Green-ranking cities: tricky business

Looky here: Another ranked list of American cities. This one’s all about who’s greenest among our fair nation’s 50 largest towns. It’s published by SustainLane.com, and I spotted it on the New York Times blog Dot Earth. If you want to get a quick taste of how complex a task it actually is to rank major urban areas on their so-called sustainability, read the comments on that post as well as SustainLane’s explanations of their methods. We’re talking some serious visual aids and some serious statistical angst, people.

I bring it up for a few reasons. One, please notice that while our mid-Atlantic neighbors Baltimore and Washington make a halfway decent showing (numbers 10 and 15 respectively), Virginia Beach is hanging out down there at number 45. Ponder that next time you’re lying on your towel, catching some UV rays.

Two, here in Charlottesville, we are not strangers to the odd power wielded by these rank-ordered lists.

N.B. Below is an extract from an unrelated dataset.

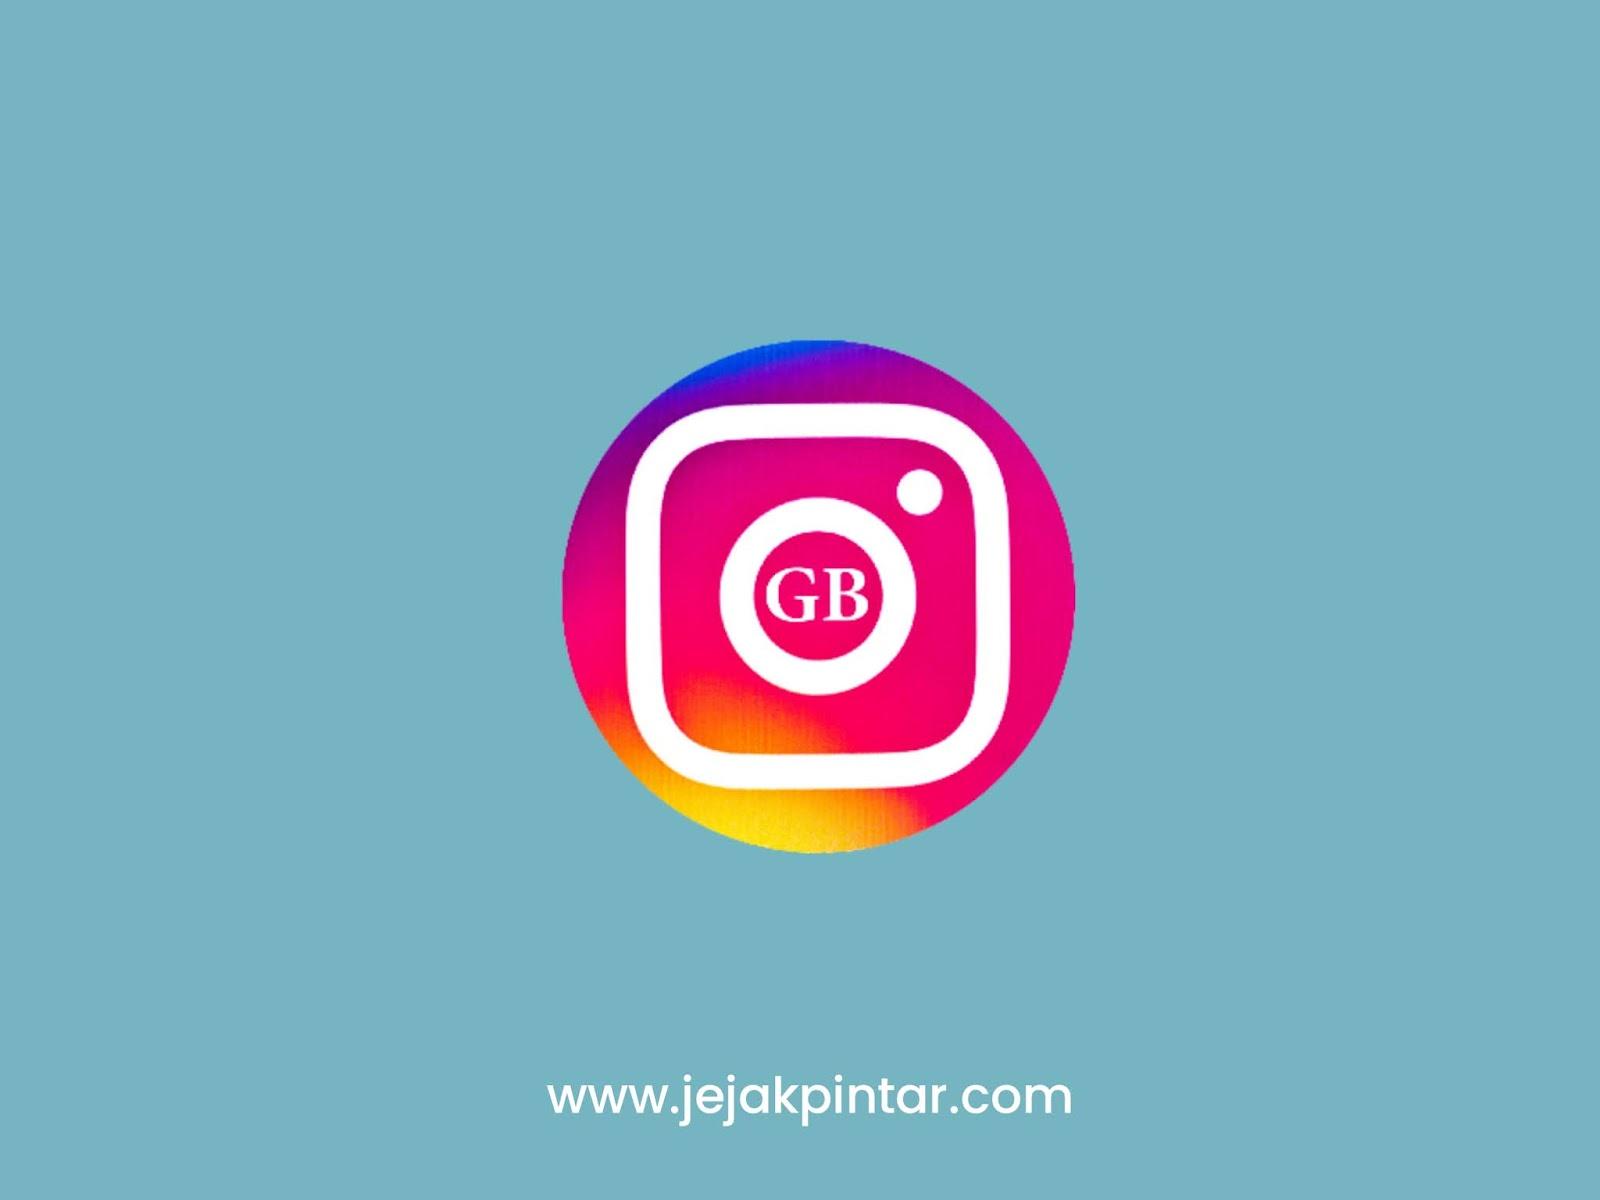 Download aplikasi GB Instagram (GBInsta) APK terbaru 2020
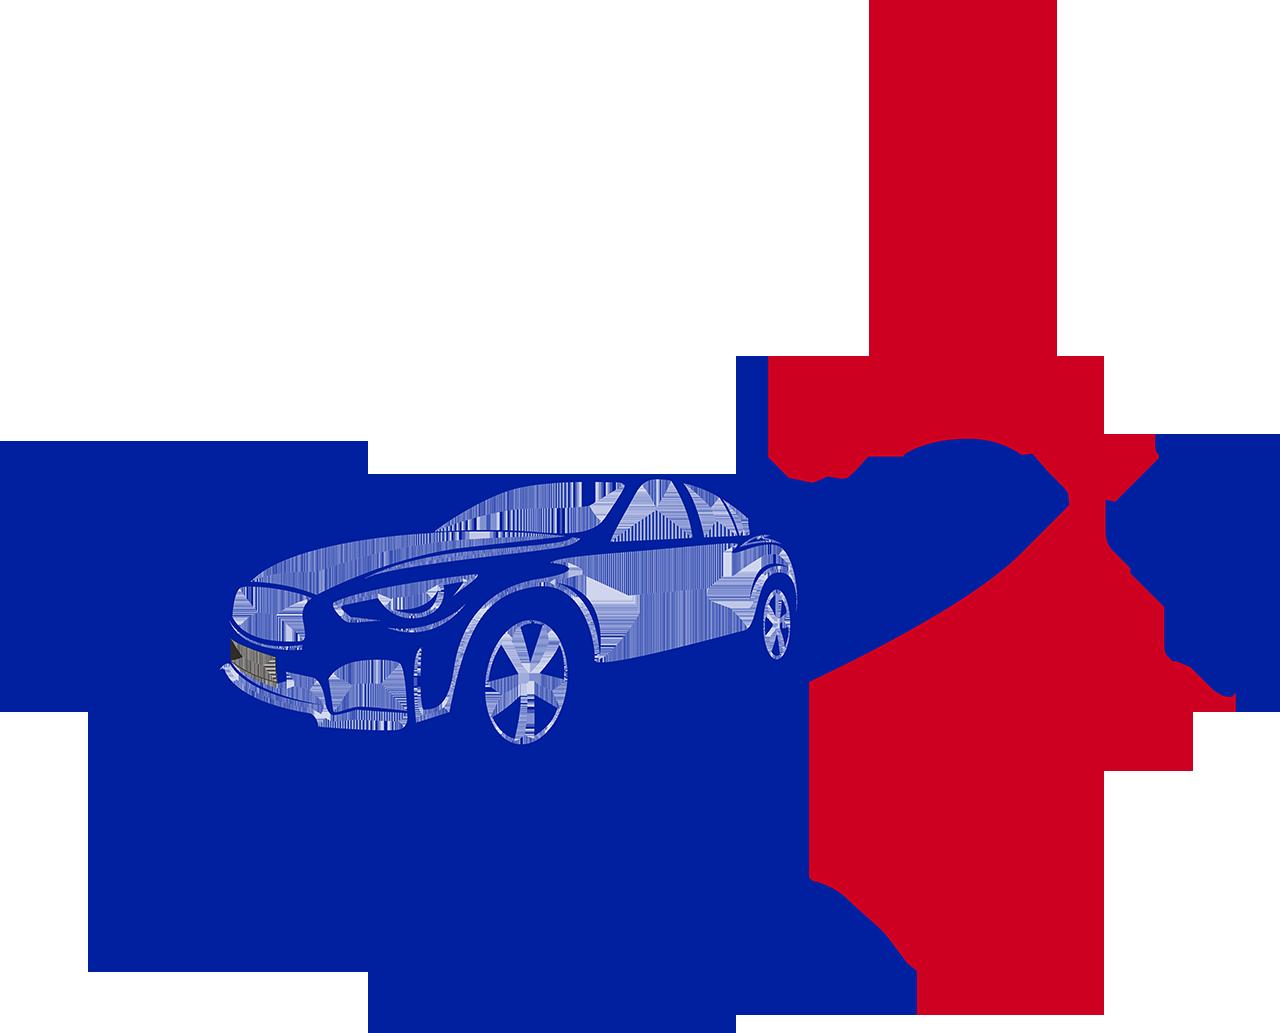 ReserveTonVTC

If zillions of retirees can relocate here, warping our housing market and our performing-arts schedule in the process, simply because Charlottesville appeared on a few lists of pleasant places to live, then surely a city might be harmed or bolstered by a lowly or lofty ranking on the green list. How’d you like to wake up in #50 Mesa, Arizona the morning after this thing was released? (On a tangential note, apparently UVA is the greenest university in the state. Okeydoke.)

Charlottesville, of course, is too small to be on this particular list, but one can easily imagine a similar project ranking your Burlingtons, your Biloxis and your Renos. What quartile do you think we deserve to occupy on a list of the 50 cities closest to our size? Remember that SustainLane considers not only "Green Building" and "Local Food/Agriculture"—in both of which, I’m guessing, we’d score fairly well—but "Air Quality" and "Housing Affordability." Whoops!